Greece has over €14 billion of maturing bond to pay on March 20.
"It will be very bad if there is no white smoke from Athens today," one Eurozone government source tells newswire Reuters.
"We have already missed deadlines...we need a decision now to put the mechanism of rescheduling in place."
"This week is crunch time for Greece," agrees Witold Bahrke, senior strategist at PFA pension in Copenhagen, which oversees $45 billion in assets.
"We can no longer completely exclude extreme scenarios such as a disorderly default or, a bit further down the line, an exit from the Euro area."
Greece is also continuing negotiations with private sector creditors to determine by how much the Greek debt they hold will be written down.
In his Der Spiegel interview, Juncker denied that Portugal will receive the same treatment as Greece.
"There will be no debt haircut for Portugal," he said. "We have always said that Greece was a special case. There, it was necessary to have a certain participation of the private sector. But, that is definitely out of the question for other countries."
Elsewhere in Europe, the European Banking Authority, which oversees regulation of the continent's banking sector, is unconvinced by banks' proposed efforts to boost the amount of capital they hold as a buffer against financial market shocks, the Financial Times reports.

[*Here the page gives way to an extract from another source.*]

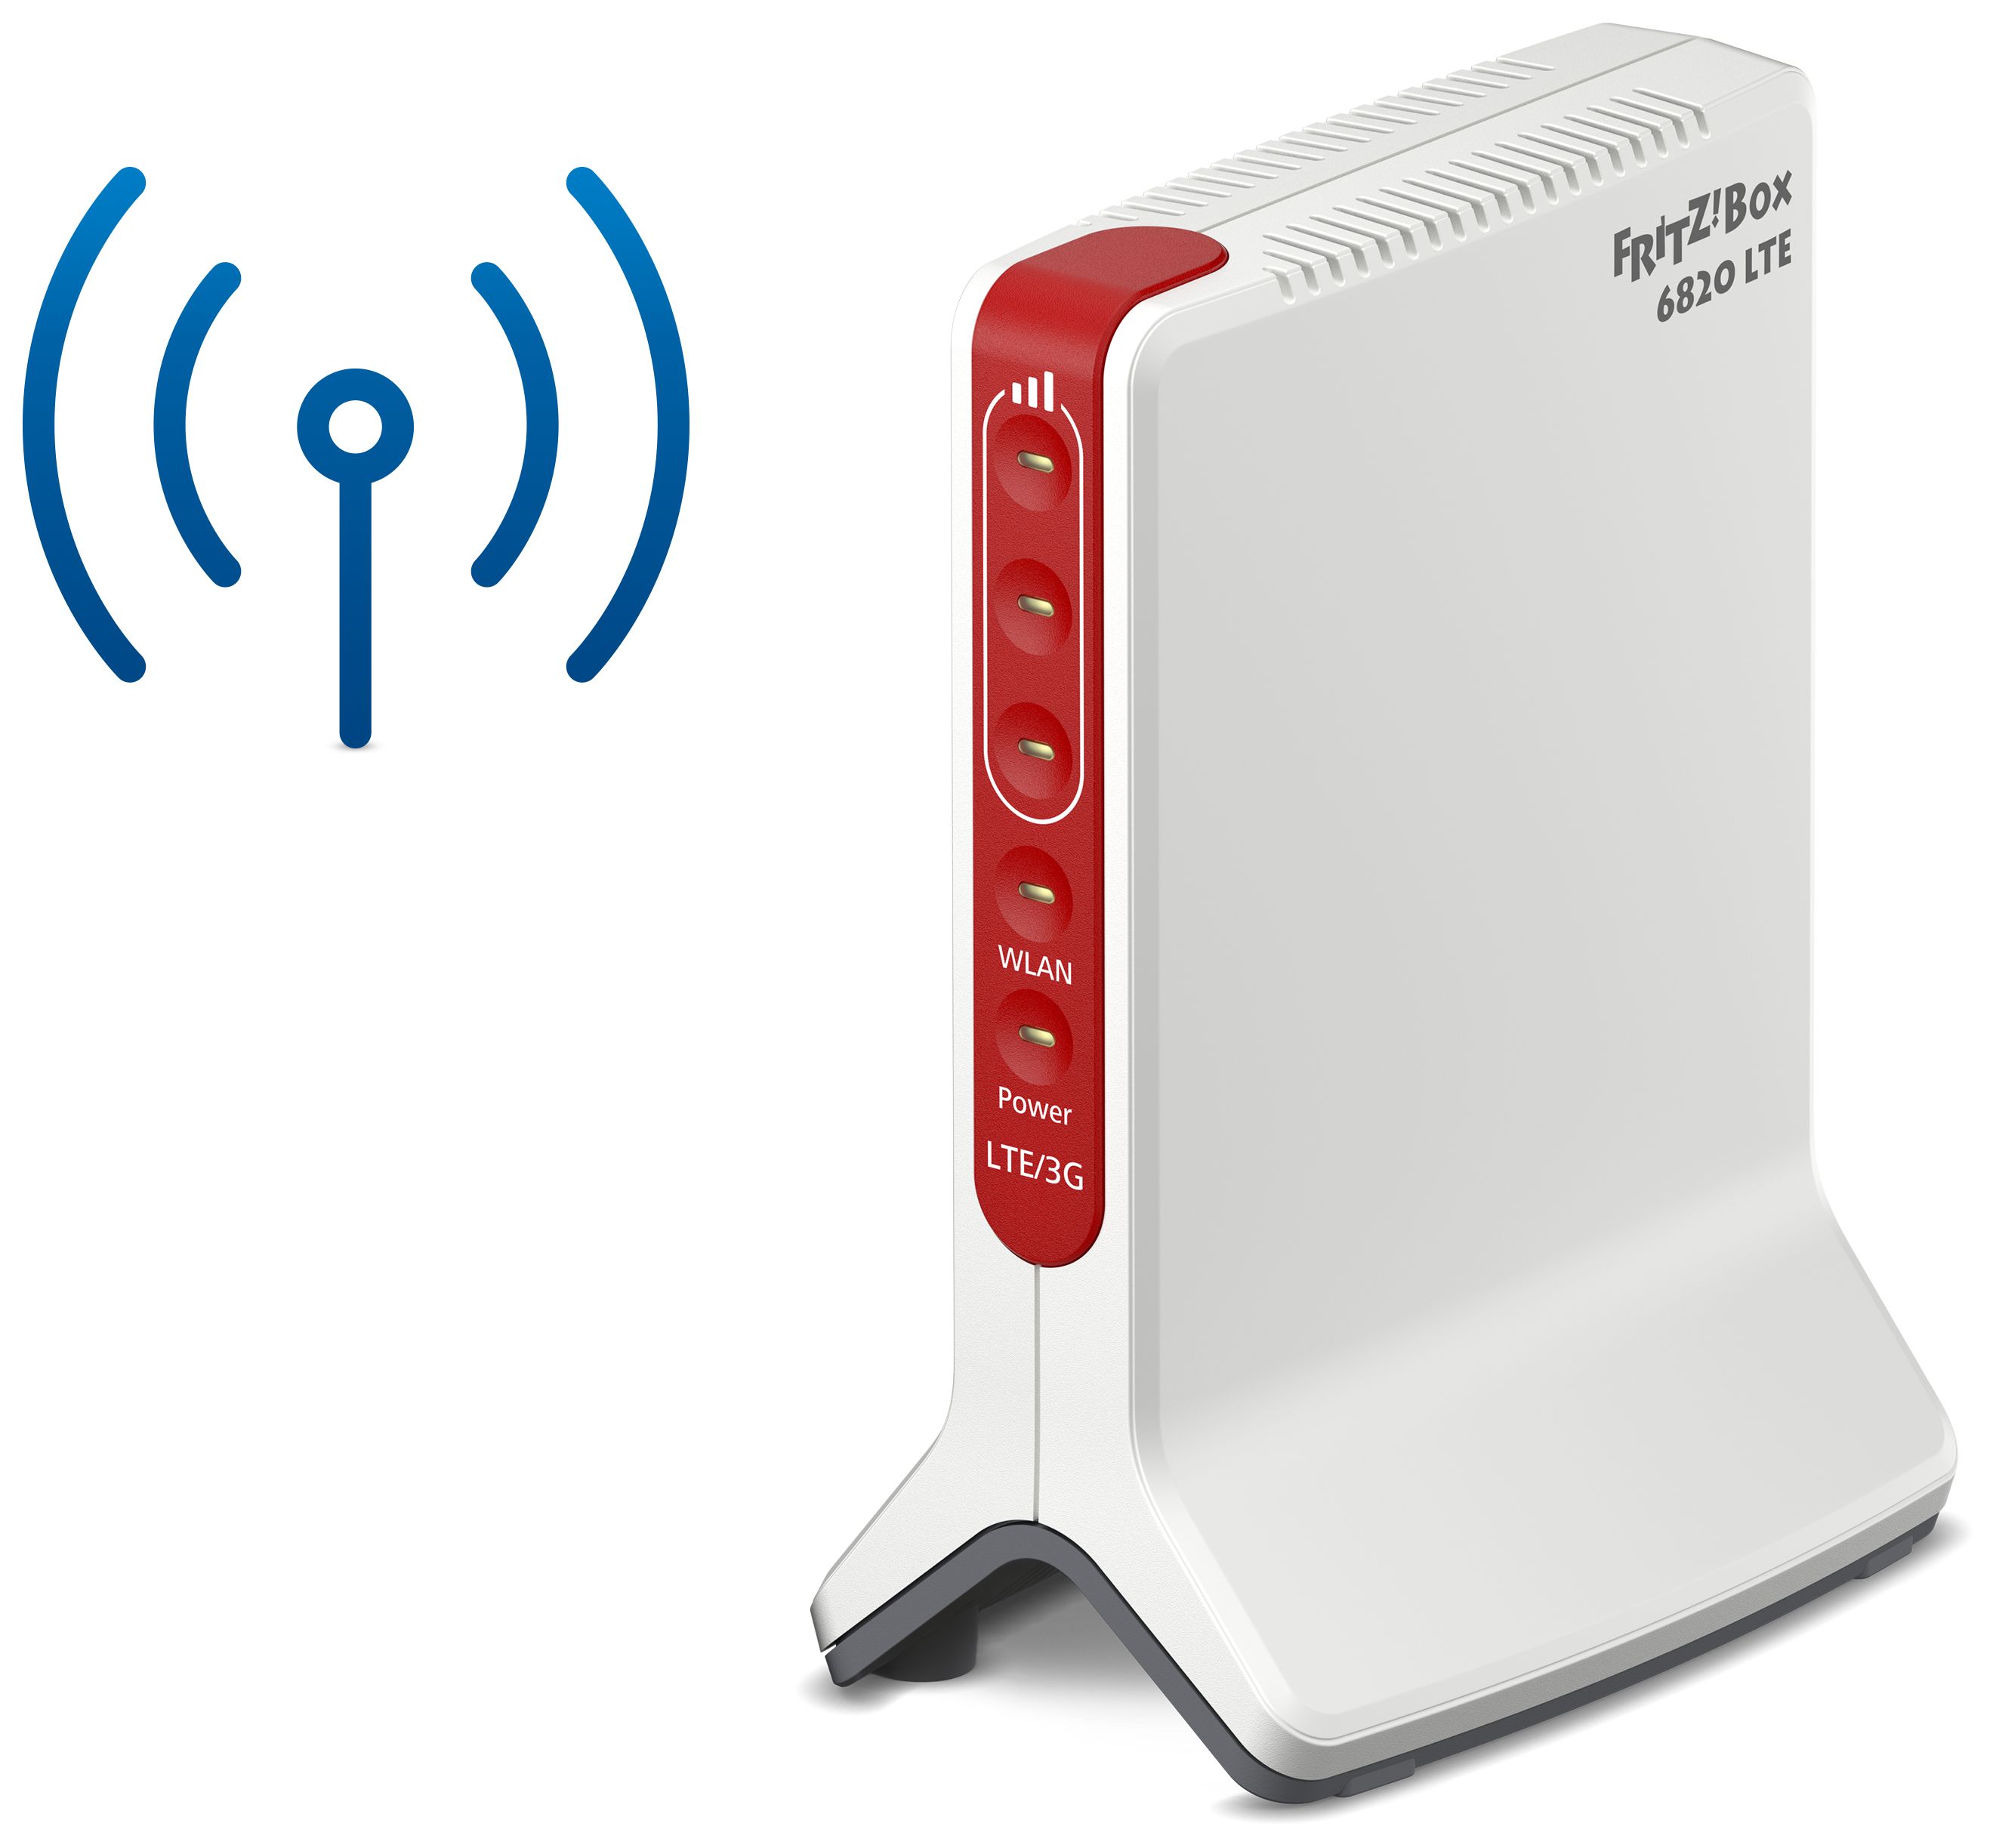 Wi-Fi expert FRITZ!Box Router Einzelband Technomarkt 6820 4 (2,4GHz) AVM von Mbit/s (802.11n) 450 LTE

The EBA said in December that 30 European banks needed to boost their capital if they are to reach the regulator's 9% target for the ratio of Tier 1 core capital to assets. Those banks submitted their plans to the EBA last month.
"According to one person close to the process, as much as half of the measures outlined in those plans do not look credible," the FT reports.
Banks will be able to borrow more money when the ECB holds its second 3-year longer term refinancing operation later this month. December's LTRO saw European banks borrow nearly €500 billion in total. Many observers expect banks to borrow at least twice as much as this month's operation.
The difference between bullish and bearish gold futures and options contracts held by traders on New York's Comex – the so-called speculative net long – rose for the fourth week running in the week ended last Tuesday gaining 21%, according to the latest data from the Commodity Futures Trading Commission.
"This has been the most aggressive display of confidence in gold we’ve seen in some time," says Marc Ground, commodities strategist at Standard Bank.
"However, given that these moves were largely as a result of the Fed's dovish announcement, and that before these moves the futures market remained cautious of gold's prospects, we still would not be surprised to see a pull-back."